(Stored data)
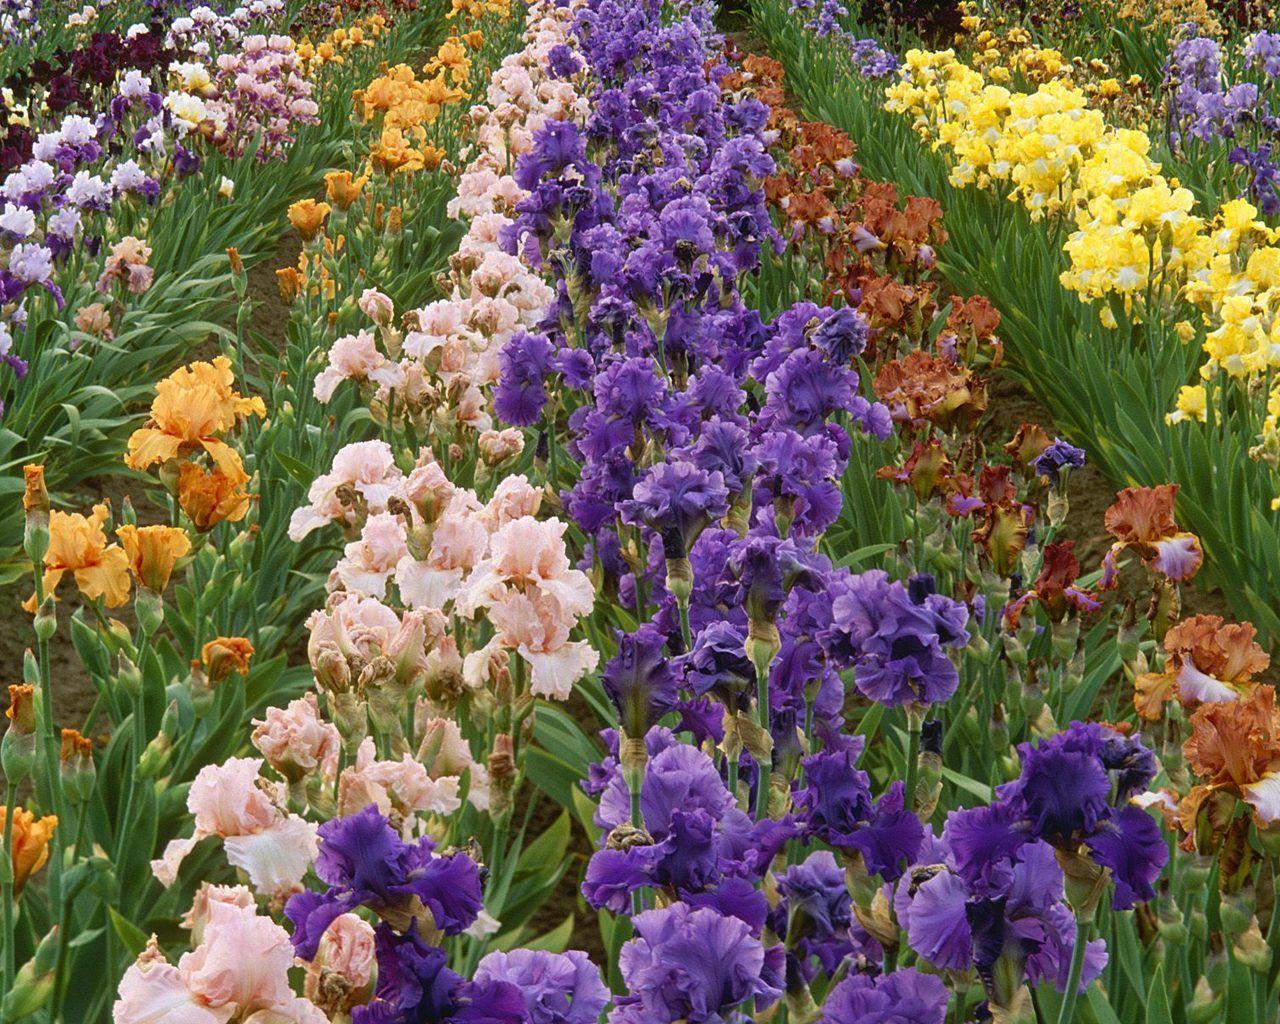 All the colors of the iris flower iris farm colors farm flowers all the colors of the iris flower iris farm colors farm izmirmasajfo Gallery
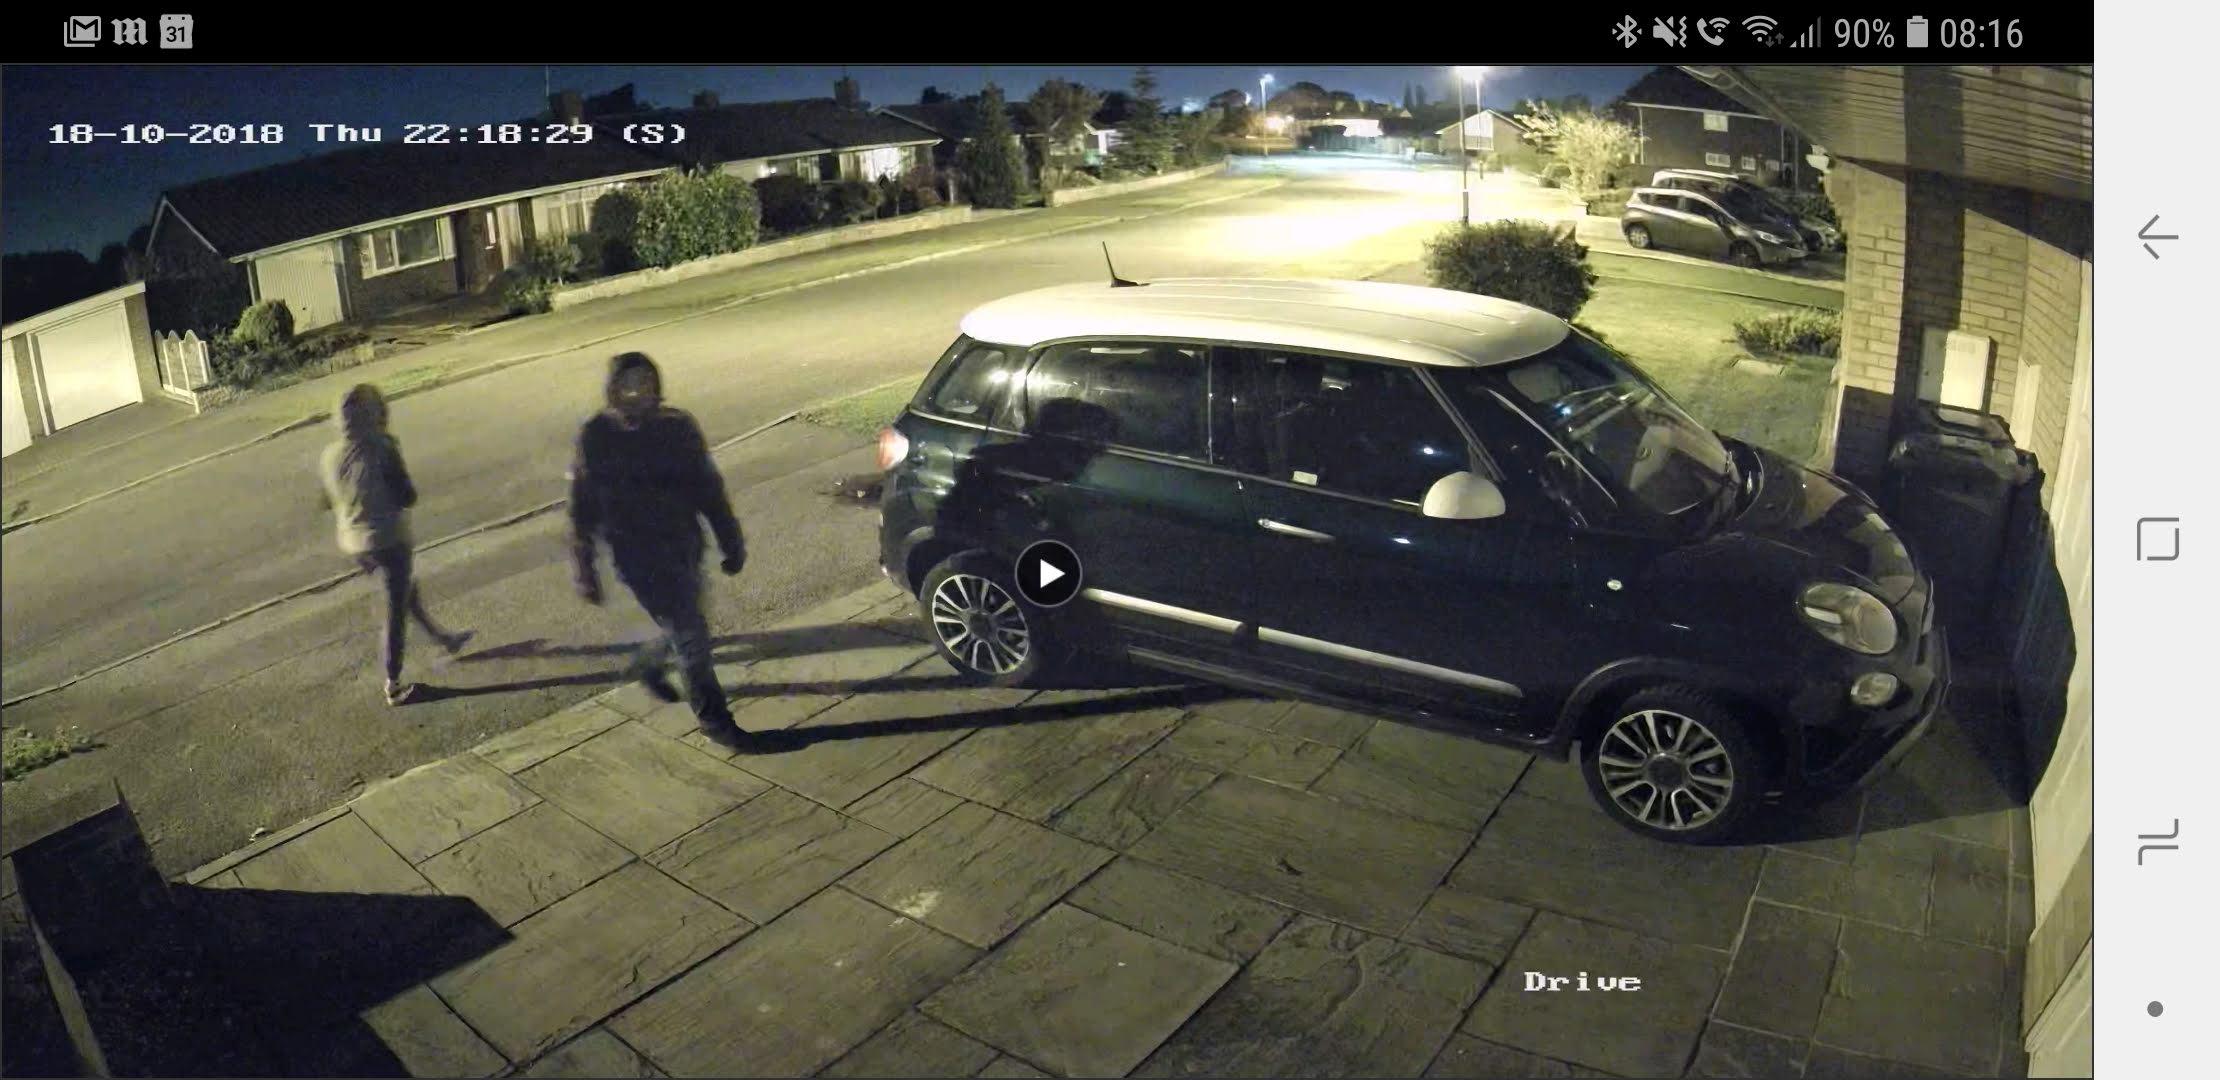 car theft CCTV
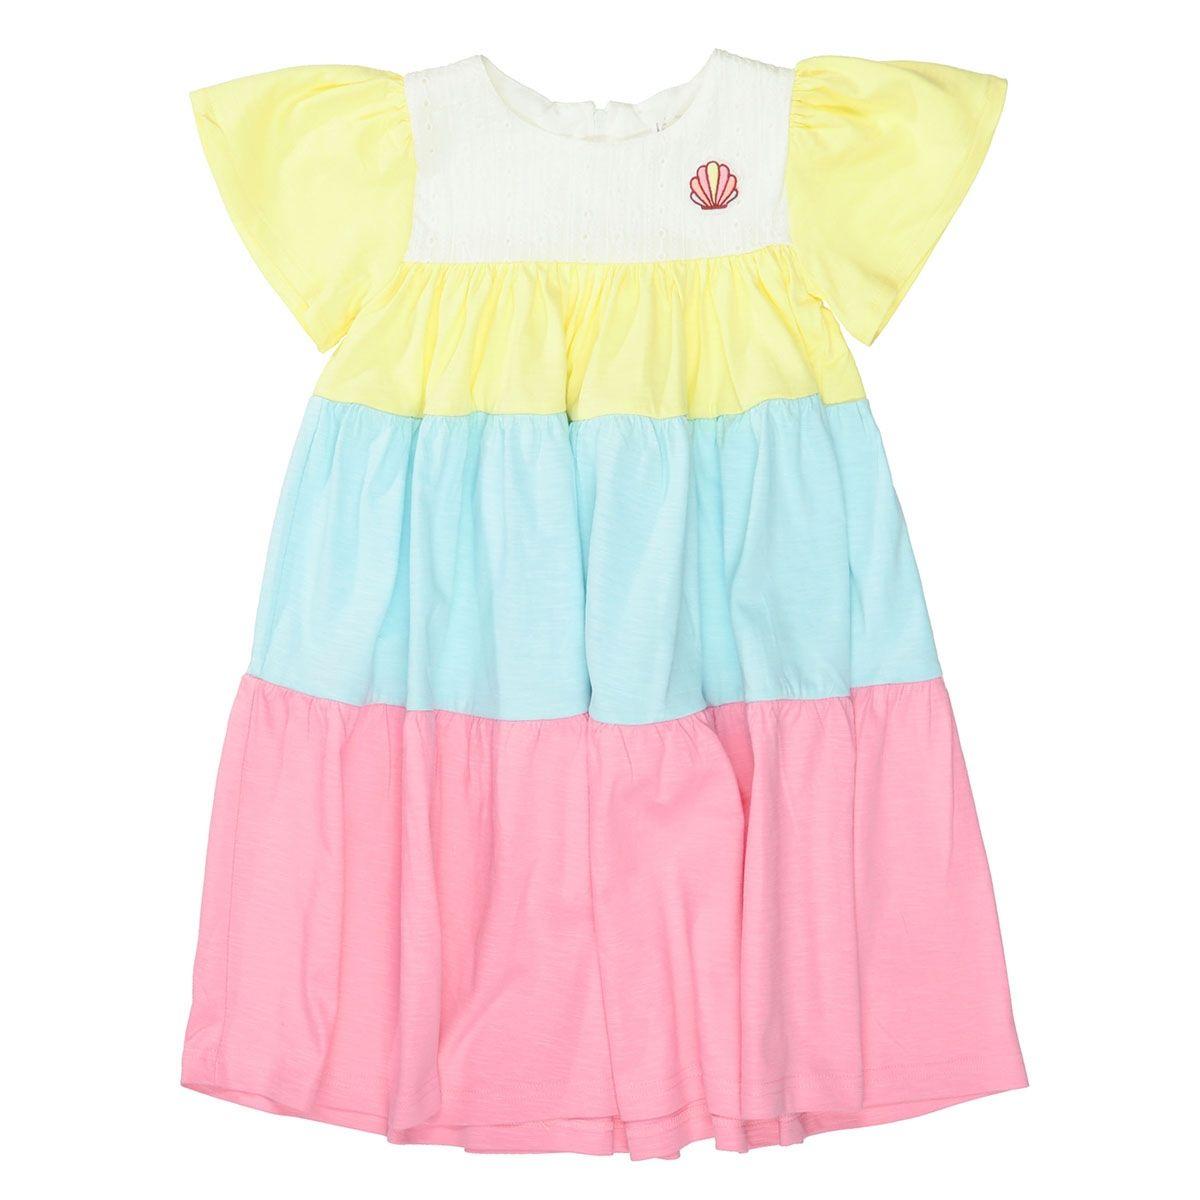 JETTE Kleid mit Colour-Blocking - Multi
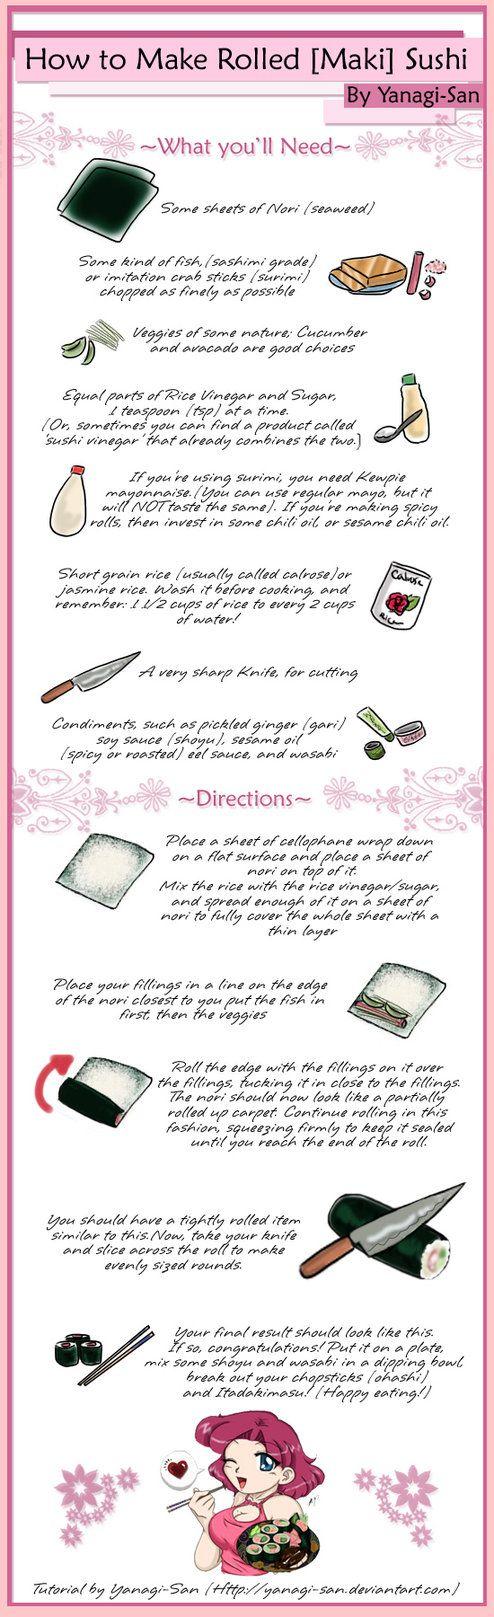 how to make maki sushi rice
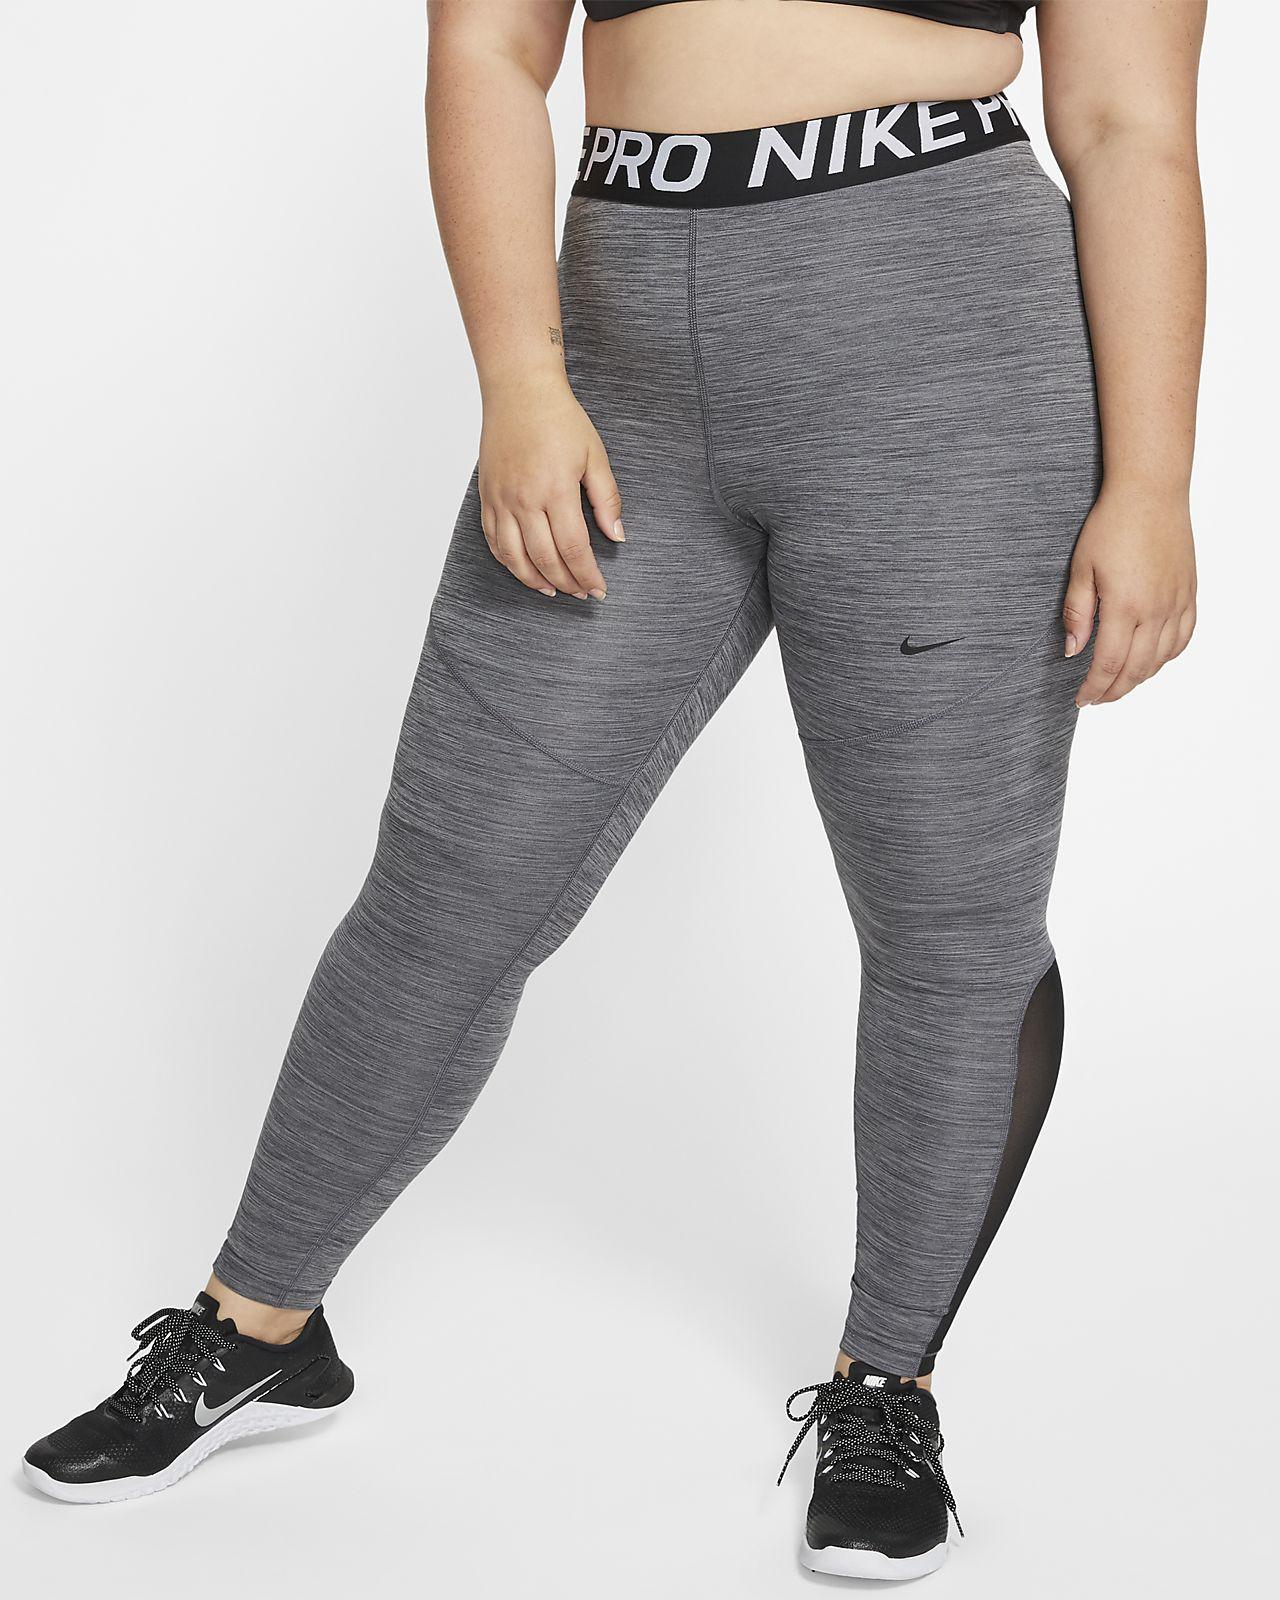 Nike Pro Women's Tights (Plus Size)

HOW TO COMPLETE THIS TASK: Return all the lines above exactly; none of the pictures should appear.

ANSWER BELOW:
 All the colors of the iris flower iris farm colors farm flowers all the colors of the iris flower iris farm colors farm izmirmasajfo Gallery
 car theft CCTV
 JETTE Kleid mit Colour-Blocking - Multi
 how to make maki sushi rice
 Nike Pro Women's Tights (Plus Size)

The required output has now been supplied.